An interactive harvesting exhibit timed your ability to pick tomatoes to see how much you would make if you worked in the commercial farming industry.  This activity, while aimed at younger audiences, was attractive to my adult classmates. The timmer combined with a comparative pay chart was an effective tool to create empathy for the plight of migrant workers regarding the low pay they receive for their physically high labor. The exhibit was socially successful in creating a dialog between visitors. A classmate told me about his youth where he and his brother were paid ten cents a pound as blueberry pickers, and I replied with my experience picking pecans when I was a kid for a payout of five dollars a bag.  Both of us worked these jobs for extra spending money, but our experiences differed in that he saw how it was a livelihood for others while working side by side with them due to the farmed nature of the work. Whereas I did not have that experience as there was no centralized orchard of pecan trees in my town, you just had to find trees that grew throughout the area that were free of infestation and readily dropping their nuts. I never bothered to learn how much the bags weighed as we just had to stuff enough high-quality pecans into them until you almost couldn’t get a twist tie onto the top for it to be considered full. I rarely saw adults out gathering nuts but regularly saw them at the turn-in building. So I was not unaware of the true laborers, just not as acutely as my classmate.

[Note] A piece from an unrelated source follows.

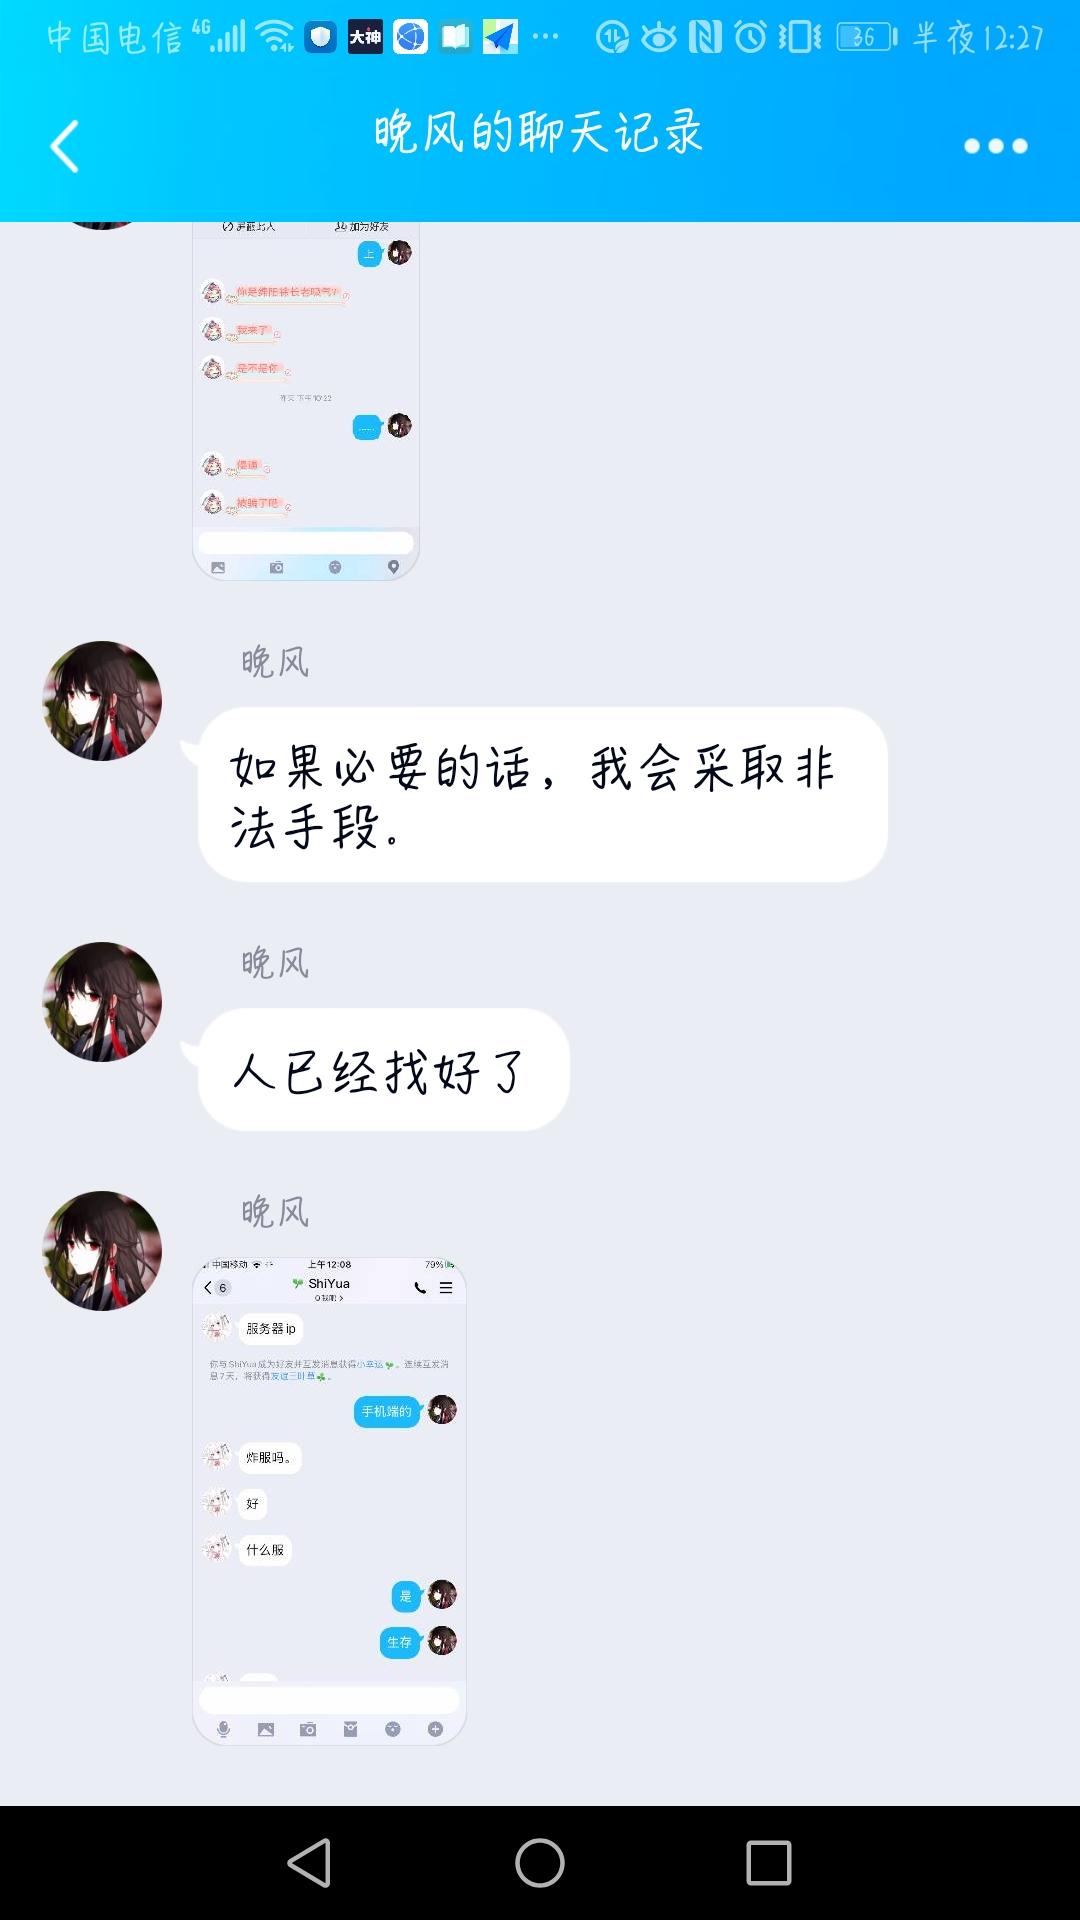 Screenshot_20210623_002737_com.tencent.mobileqq.jpg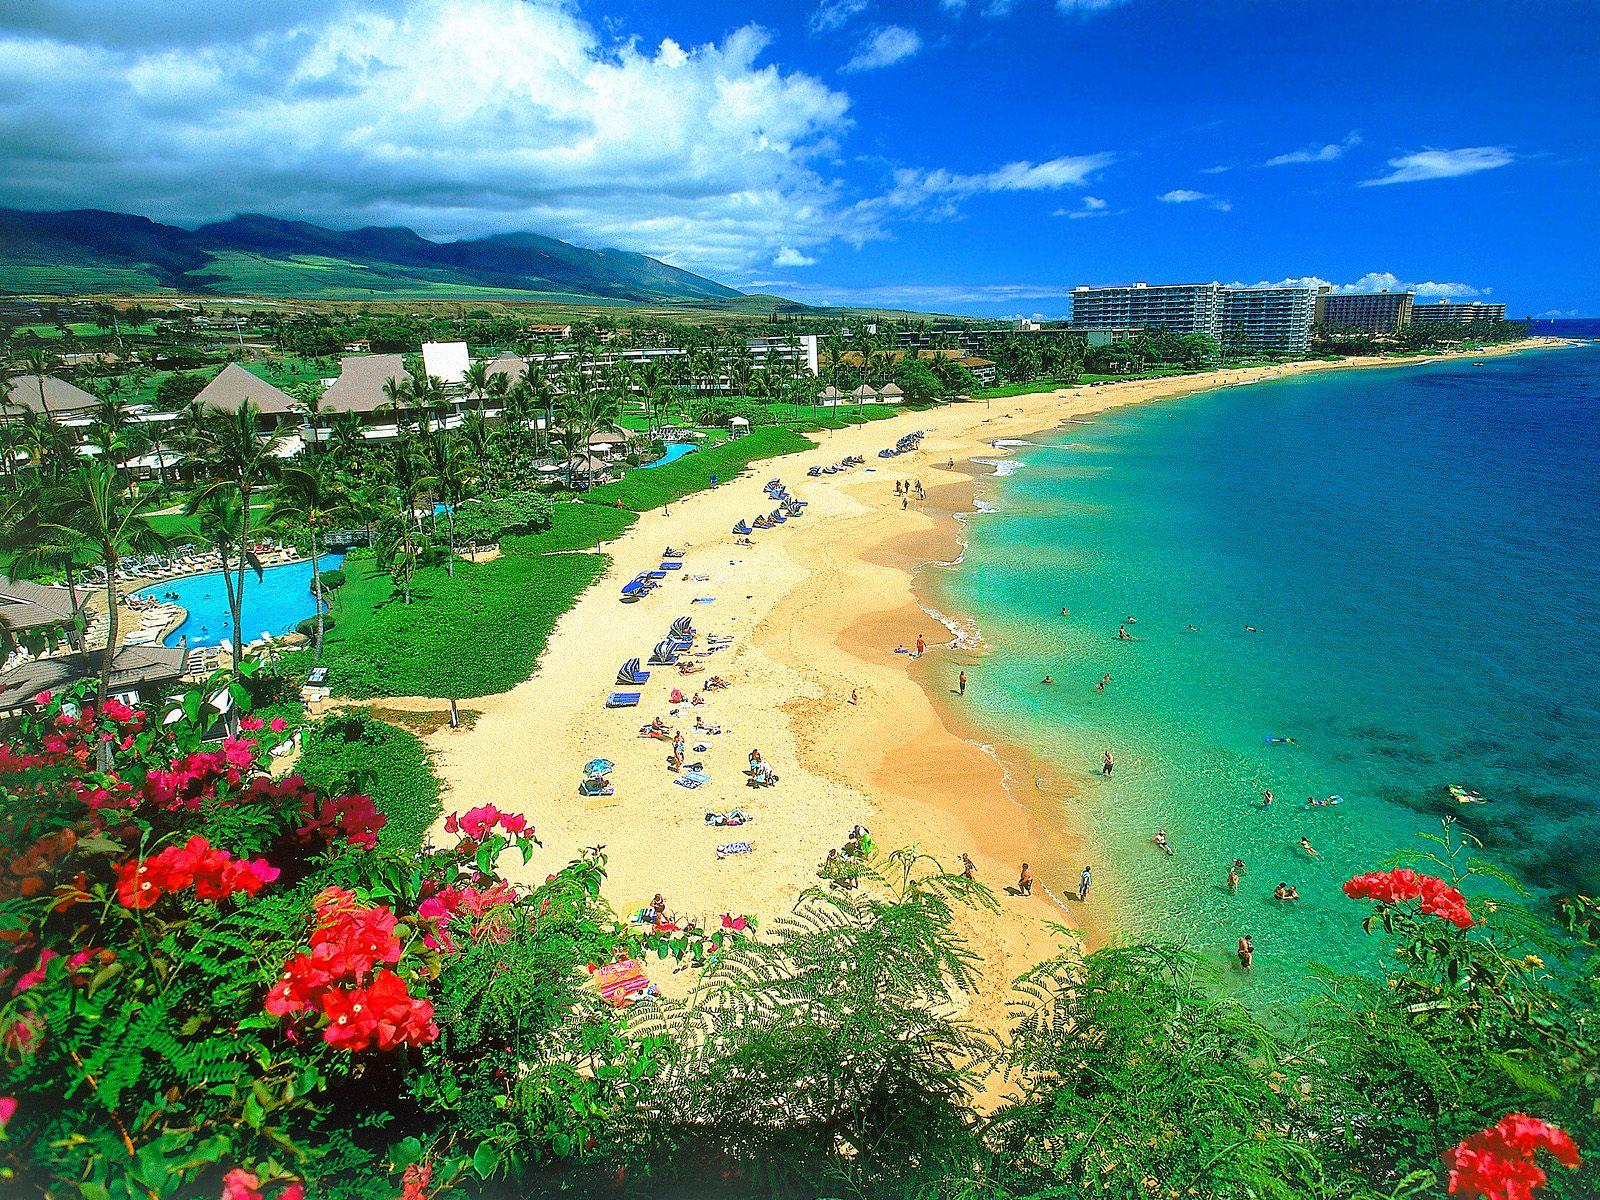 Kaanapali Beach Maui Hawaii wallpaper 1600x1200

In a conversation that contained perturbed nostalgia, several of my classmates and I talked about bringing lunches to school due to the unaffordability of school lunch programs while standing at the exhibit about the actual costs and general lack of nutrition brought on by government requirements. After that, I fully took on the role of a visitor and looked through the exhibits for my most valued memory of government-provided food called by the simple moniker “government cheese.” But for all the appropriately elaborated-upon food chain problems and government distribution failures in the exhibition, the one thing that, at least in my opinion, the social programs got right was oddly not to be found. I walked through more than once looking for that relic of the Regan administration’s sustenance programs. But the iconic USDA stamped waxy brown cardboard box was missing from the displayed historical canon. I asked those present who were old enough if they remembered it, only to find out that I came from a background with a history of more food insecurity than the majority of them. Only two people knew about what I was referring to.  One person had been given it at camp, and another, like my family, received it as food supplementation. What I have always perceived as a commonality for some generations is perhaps not as common as I thought. Should I ever find myself curating an exhibition on hunger issues in America, the politically controversial and socially divisive object that is “government cheese” will be represented.